The Three Types of Crowdfunding
Crowdfunding is not one thing. It is three fundamentally different models, each with its own rules, platforms, and strategies.
Rewards-Based Crowdfunding
Backers give you money in exchange for a product, a perk, or an experience. They are not investors. They are pre-order customers. Platforms like Kickstarter and Indiegogo are the most well-known.
Best for: Physical products, creative projects, consumer goods, and anything with a tangible deliverable.
Typical raise: $5,000 to $500,000 (though some campaigns raise millions).
Key advantage: You validate market demand before you manufacture. If nobody backs your campaign, you know the product does not have an audience, and you have not spent $50,000 on inventory.
Equity Crowdfunding
Investors buy actual shares in your company. Thanks to SEC Regulation Crowdfunding (Reg CF), companies can raise up to $5 million from both accredited and non-accredited investors through registered funding portals.
Best for: Early-stage companies that want to raise capital from a broad base of small investors, especially if those investors are also your customers.
Typical raise: $50,000 to $5 million.
Key advantage: You can raise from people who are passionate about your brand. They become evangelists, not just investors.
Debt-Based Crowdfunding (Peer-to-Peer Lending)
Lenders fund your loan through a platform, and you repay with interest. This is essentially a loan, but instead of coming from a bank, it comes from many individual lenders.
Best for: Businesses with steady revenue that need working capital or a specific project funded.
Typical raise: $5,000 to $500,000.
Key advantage: No equity dilution. You borrow money, pay it back with interest, and retain full ownership.
Running a Successful Rewards Campaign
Before You Launch
The biggest mistake in crowdfunding is launching before you are ready. Most successful campaigns spend 2 to 3 months preparing before they go live.
Build your audience first. Create an email list, build a social media following, and engage your potential backers before you launch. Your first 48 hours are critical. Campaigns that reach 30% of their goal in the first two days are much more likely to succeed.
Create a compelling video. Your campaign video is your pitch. Keep it under 3 minutes. Show the product, explain the problem it solves, and tell your story. Professional quality matters, but authenticity matters more.

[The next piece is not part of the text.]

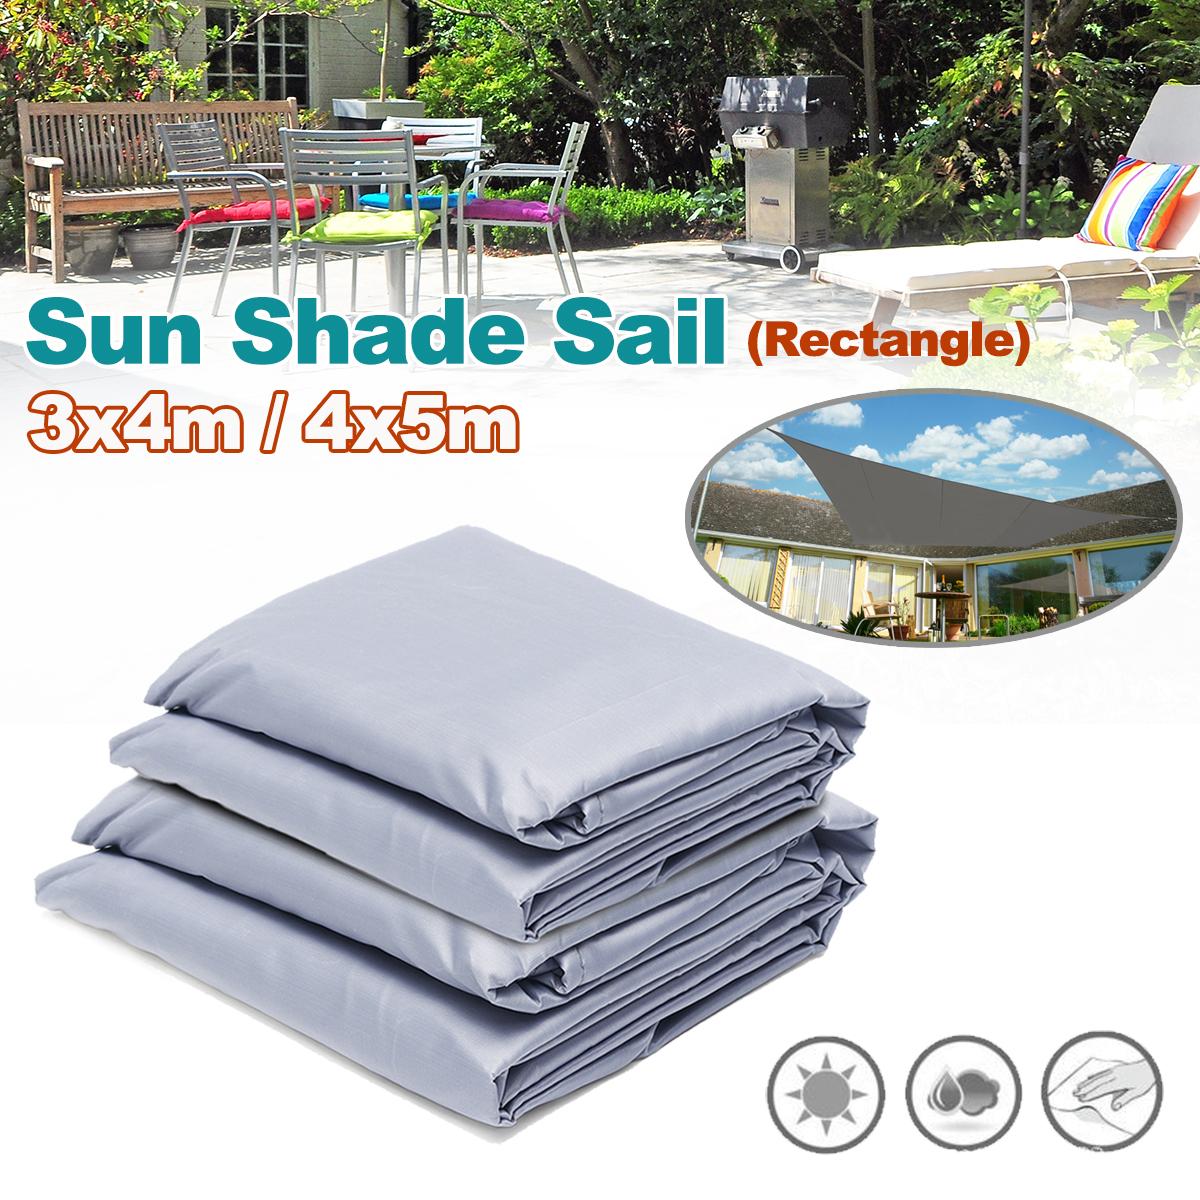 [해외]야외 정원 테이블에 대 한 3 x 4m / 4 x 5m 방수 UV- 저항 가구 직사각형 먼지 커버/3x4m/4x5m Waterproof UV-resistant Furniture Rectangle Dust Cover For Outdoor Garden Table

Set a realistic funding goal. Calculate the absolute minimum you need to deliver on your promises. Setting the goal too high kills campaigns. Setting it too low means you might fund but not have enough money to actually deliver.
Plan your reward tiers. Offer 3 to 5 tiers. The most popular price point for Kickstarter rewards is $25 to $50. Include an early-bird discount for the first 100 backers. Make the tiers clear and simple.
During the Campaign
Drive traffic relentlessly. Crowdfunding platforms bring some visitors, but most of your backers will come from your own marketing efforts. Email your list. Post on social media daily. Reach out to press and bloggers. Run targeted ads.
Communicate constantly. Post updates at least weekly. Respond to every comment and question. Backers want to feel like they are part of the journey.
Have a mid-campaign push. Most campaigns see a dip in the middle. Plan a new reveal, a stretch goal, or a limited-time reward to reignite interest.
Running an Equity Crowdfunding Campaign
Legal Requirements
Equity crowdfunding is regulated by the SEC. You must file a Form C with the SEC and conduct your raise through a registered funding portal. You will also need:
- Financial statements (reviewed or audited for larger raises)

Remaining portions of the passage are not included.